У Сэмми дела обстояли далеко не так прекрасно: как и следовало ожидать, в конце концов он привлек внимание хулиганистой парочки, Шона Таллона и Дэйва «Мыша» Мьюзера. Шон, с челюстью патриция, стриженными под «ежик» платиновыми волосами и темными узкими глазами, загоравшимися при малейшей возможности сделать какую-нибудь подлость, славился любовью поиздеваться над другими, и при этом ему все сходило с рук — то ли оттого что он был стартовым нападающим «Кугуаров», то ли из-за слухов, что его отец был каким-то образом связан с Ботинком Франки, известным местным бандитом. При том, что Мыш был защитником «Кугуаров», а его отец — шерифом, ни у кого не было охоты связываться с Мьюзером и Таллоном, и они фланировали по школьным коридорам в ореоле полной вседозволенности, как молодые аристократы со статусом дипломатической неприкосновенности, как будто никакие законы, написанные для нас, простых смертных, на них не распространялись. Главным у них, безусловно, был Шон, а Мыш, дубовый пенек с лицом австралопитека и страстью к похабным шуткам, всегда маячил на подхвате, как рыба-прилипала за акулой, довольствуясь теми ошметками, которые всплывали на поверхность после кровавой расправы. Сэмми со своими яркими нарядами и привычкой громко напевать в школьных коридорах действовал на них как красная тряпка.

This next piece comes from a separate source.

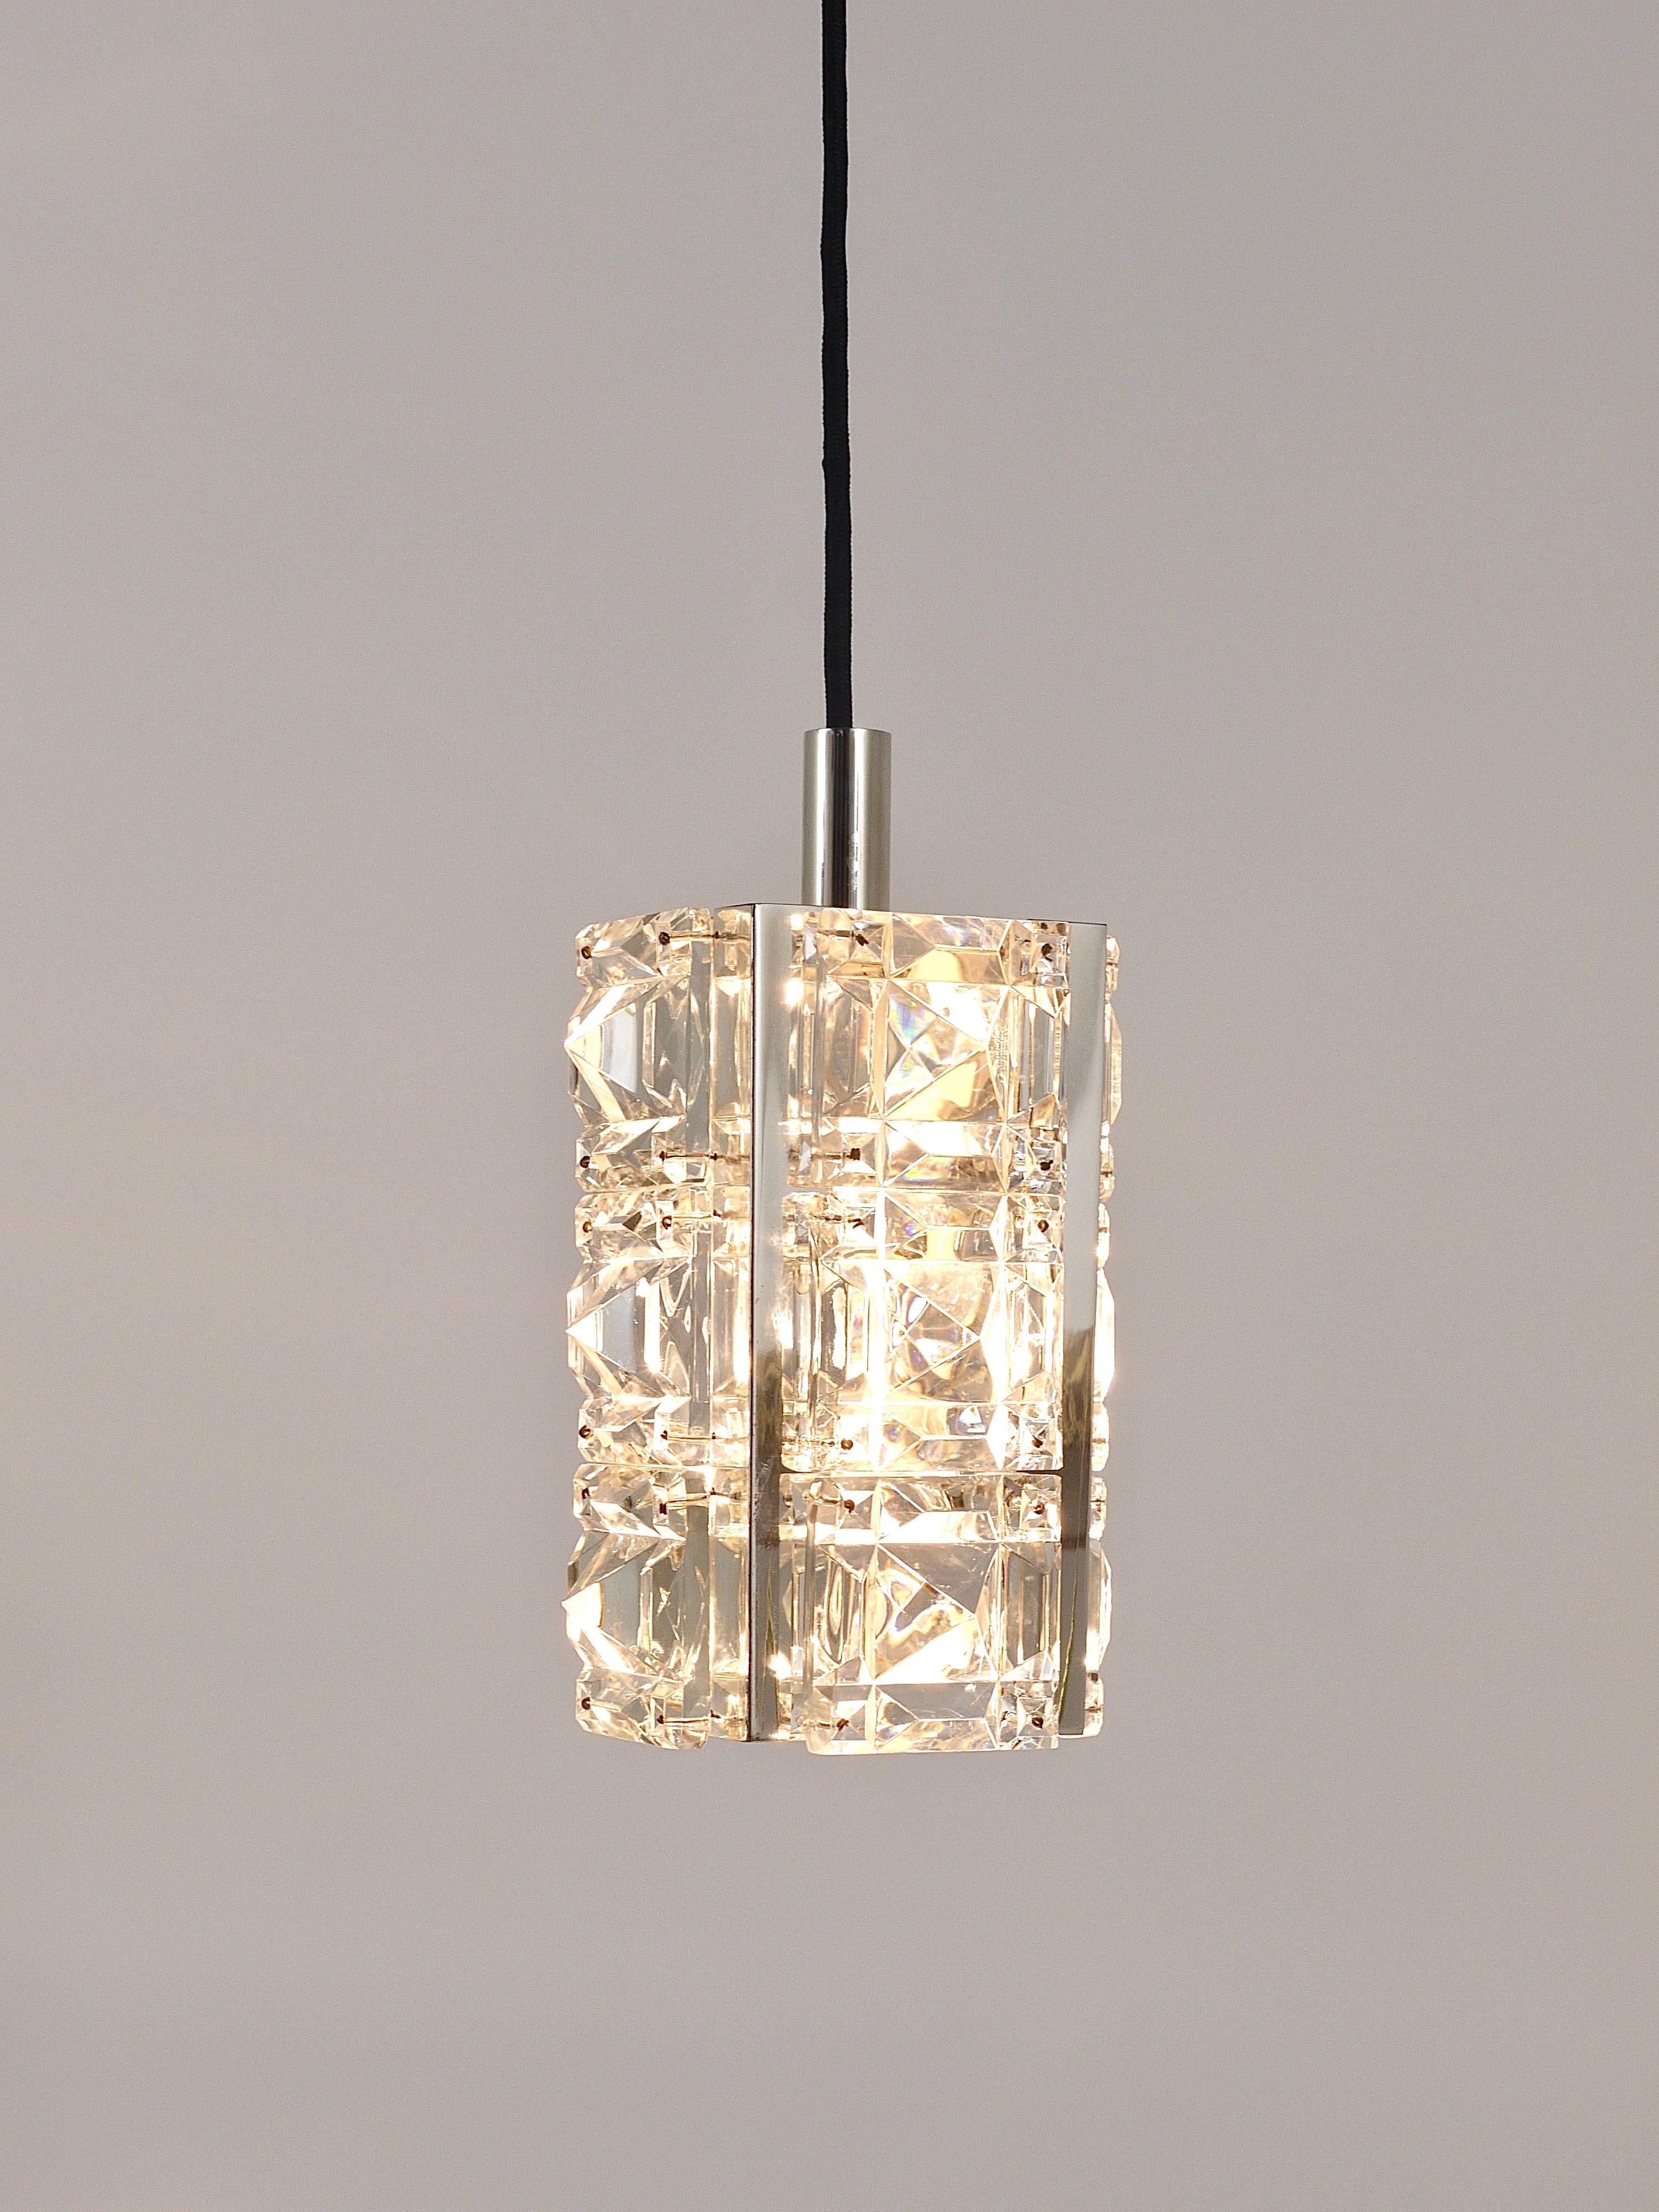 Up to Three Identical Bakalowits Faceted Crystal Pendant Lamps, Austria, 1960s For Sale 2

По отношению к слабым Шон отличался особым садизмом, и Сэмми сразу же попал под его прицел. Еще недели не прошло с начала занятий, когда Шон с Мышем обнаружили Сэмми в туалете приглаживающим свой кок.
— Смотри, какая красота, — сказал Мыш.
— Прямо картинка, — согласился Шон. — Давай-ка повесим ее на стенку.
Они оттянули сзади резинку от трусов Сэмми и надели ему на голову, а он безуспешно пытался высвободиться. Это было обычным ритуалом посвящения первогодков, и на протяжении целого месяца первого полугодия Шон регулярно участвовал в этой чуть ли не ежедневной процедуре, но проделать такое с учеником выпускного класса — это было особым унижением. Они оставили Сэмми висеть на брючном ремне и резинке от трусов на вешалке в одной из туалетных кабинок, и тот пробыл в таком положении, в бессилии заливаясь слезами, до тех пор, пока его не обнаружил и не снял оттуда какой-то девятиклассник, принявший Сэмми за своего одногодка.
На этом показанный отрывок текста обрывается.